With the selection of Robert F. Kennedy Jr. to head the Department of Health and Human Services, Trump has given ample reason to believe that his rejection of pro-life policy aims and his promise to relegate abortion to a “states’ rights” issue were in fact quite sincere.
HHS has long been one of the foremost avenues through which presidential administrations enact abortion policy. The department is, for instance, the center of a tug-of-war over whether abortion organizations can receive federal funding through the Title X family planning program. The first Trump administration was able to partially defund abortion providers such as Planned Parenthood by changing Title X regulations, a pro-life victory that was swiftly undone by President Joe Biden’s rabidly pro-abortion HHS chief Xavier Becerra.
Title X funding is just one of quite a few regulatory issues under HHS purview with bearing on abortion policy.

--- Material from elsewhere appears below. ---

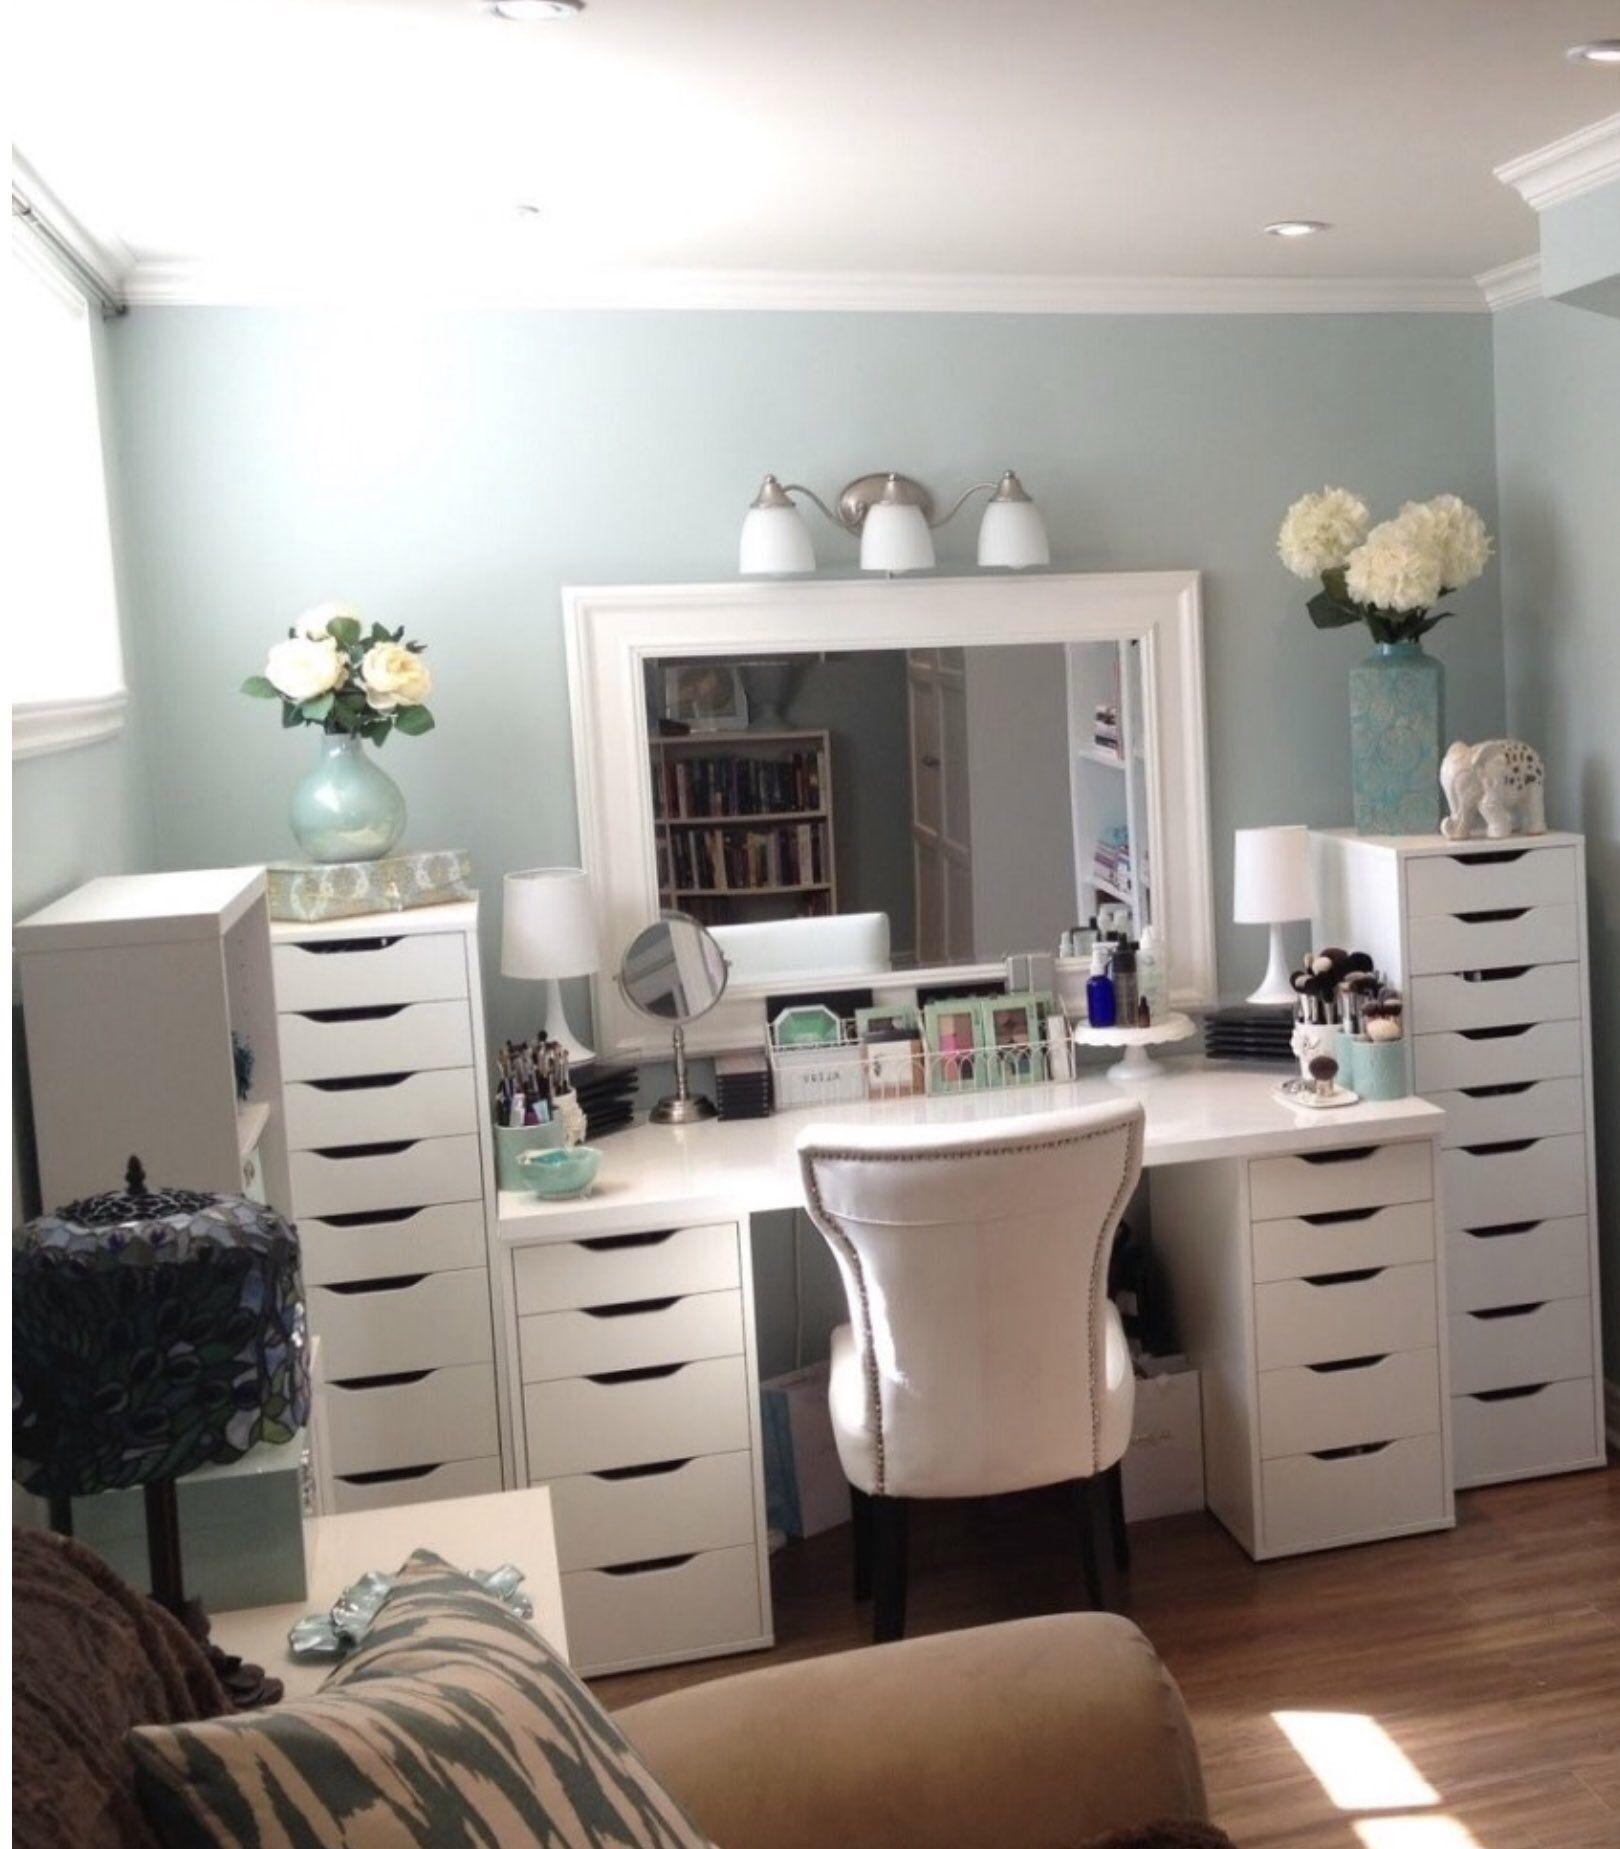 Https Www Instagram Com Sonnycosmetics Sonnycosmetics Love This Vanity Set Up So Serene Bedroom Vanity Set White Bedroom Vanity Ikea Vanity Table

Another key consideration is conscience protections for pro-life Americans. Under pro-life administrations, HHS officials have worked to ensure that health-care providers and insurance companies receive conscience protections to avoid being forced to perform or cover abortions; under Democratic administrations, the opposite has been the case.
RFK Jr. hasn’t been especially straightforward about his position on abortion, but on the whole, he has hewed close to the standard Democratic line. In August 2023, he signaled support for a federal law protecting unborn children after the first three months of pregnancy, but his campaign immediately walked this position back, claiming he had misunderstood the question and that he believed abortion is “always” a woman’s right.
This past May, Kennedy repeated several times in an interview that women should be permitted to have an abortion even up until birth. “I think we have to leave it to the women rather than the state,” he said at the time. Shortly thereafter, however, he said “abortion should be unrestricted up until a certain point . . . when the baby is viable outside the womb” and voiced support for “appropriate restrictions on abortion in the final months of pregnancy.”
Having RFK Jr. in charge of HHS will be, at best, a major opportunity cost for pro-lifers, and, at worst, an utter disaster. To my knowledge, there’s no record of his position on conscience protections for pro-lifers or federal funding for abortion providers. Given his undeniable support for the overwhelming majority of abortions, it’s difficult to imagine that he would direct the department to undo what Biden has done to fund and protect abortion through HHS — not to mention that his very nomination suggests there’s little reason to believe Trump would instruct HHS to do so anyway.
What’s more, instating a pro-abortion HHS secretary makes it highly unlikely that the incoming administration will make any progress on reversing the disastrous pro-abortion policies of the Food and Drug Administration, an HHS agency. Kennedy’s statements about how he would consider regulating abortion, if at all, suggest he must be entirely supportive of chemical abortions, which occur earlier in pregnancy. But an essential aim of a pro-life administration ought to be undoing the FDA’s dangerous changes to the safety regulations for chemical-abortion drugs. Chemical abortions now account for about two-thirds of all abortions in the U.S., and while it’s technically a violation of federal law to send these drugs via the postal service, loosened FDA regulations have enabled women to obtain them online and receive them in the mail without ever seeing a health-care professional in person.
Both Trump and Vance have made it abundantly clear that they have no interest in using executive authority to regulate chemical abortion — in fact, both have gone so far as to say that they support legal chemical abortion — so the choice of an abortion supporter to lead HHS doesn’t come as much of a surprise. It is, however, a major loss for pro-lifers, who should expect to see HHS either ignore their policy aims or actively work against them should Kennedy be confirmed. In addition to considering plenty of other noteworthy issues with Trump’s pick, senators who care about the pro-life cause should consider the steep costs of confirming him.